A storm jib has the exact same load as a genoa: the max load is a function of righting moment, not sail area or wind speed or anything else. If this inner forestay is just for a staysl used reaching or downwind, then a simple beam may be sufficient. For a storm sail, it MUST be as strong as your forestay fitting.

I agree with the rest of this post:

Quote:
Originally Posted by roverhi View Post
I wouldn't halve the 'J' measurement for the deck fitting, would put it somewhere around 2/3rds 'J'. You can get a sail that's large enough to give you effective drive when the jib is struck but you still want to sail. It will also be a great sail for reaching conditions in conjunction with the jib. You could put reef points on the sail and use it as a storm sail. If you wanted to put roller furling on it, could furl it down any size that you want though I'm not fond of r/f on staysails. Might want to consult a N/A to figure out where exactly would be the best place on deck to locate it to balance the rig.

Running backs should take care of any pumping that you have with the staysail. Using Dyneema or Spectra line for the runners and the staysail stay. Might even be able to get by using deadeyes rather than blocks or levers to tension the stays or at least the staysail stay. It takes very little tension on the staysail stay to pull the mast out of column.

If you want to be careful with your main. Would reccomend a Storm Trisail. They aren't the best setting sail but some sail aft of the mast is necessary for a boat to go to windward in serious winds. A third reef in the main will give a much better setting sail but you risk damaging the main. That is the real reason for a storm trisail. Last thing you want is a destroyed main with several thousand miles to your next landfall on an Island without a sail maker or repair possibilities.
Let me re-inforce this really good reason to have a trys'l instead of deep main reefs. As Rover mentioned, things break in heavy weather. A trys'l does not use anything related to the main, besides the mast itself. So its as redundant a system as one can practically have.

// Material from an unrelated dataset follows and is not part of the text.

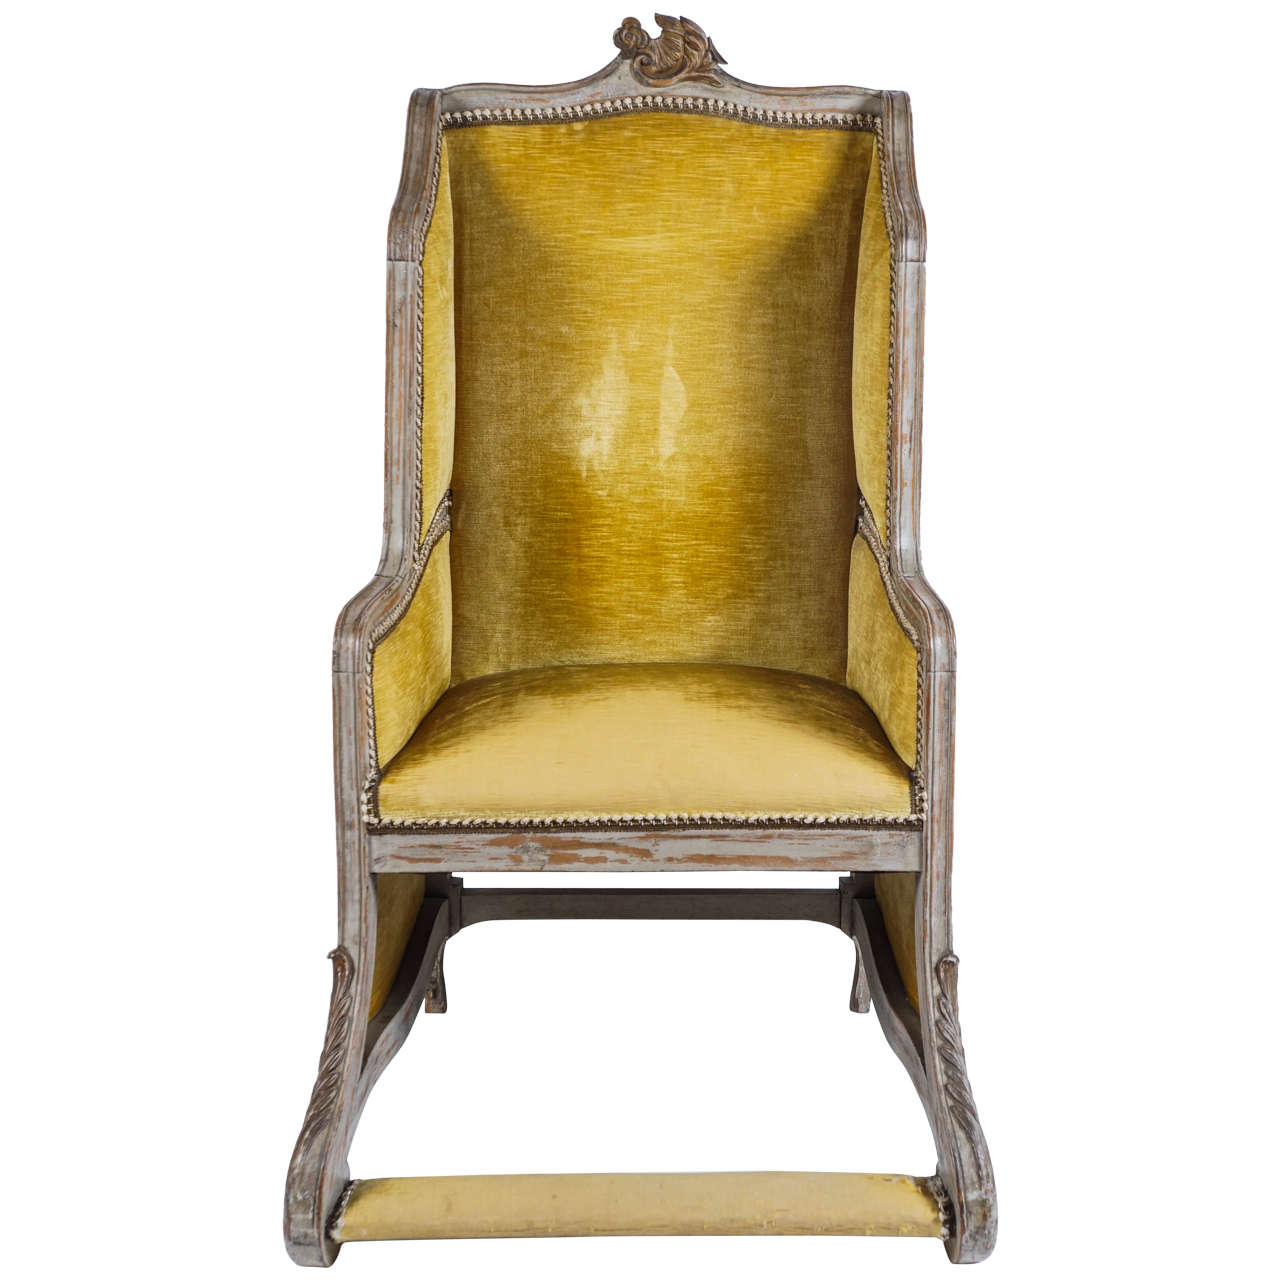 A rare French Louis XV style carved and painted bergere having crest-rail with center carved rococo foliate motif and paneled upholstered sides, back, and seat with upholstered integral footrest joined by foliate scroll form supports.  This chair

Another good reason for the trys'l is that it is sheeted to the rail, and sheeted as flat as a board. This means it keeps the bow off the wind, preventing the boat from tacking in the big and CONFUSED seas that are typical in heavy conditions. This aspect is missed by a lot of people. Ensuring the boat maintains directional stability, with the bow 45 degrees or so off the wind, even in confused seaway, is the reason you are fundamentally safer under trys'l than under any other sail configuration.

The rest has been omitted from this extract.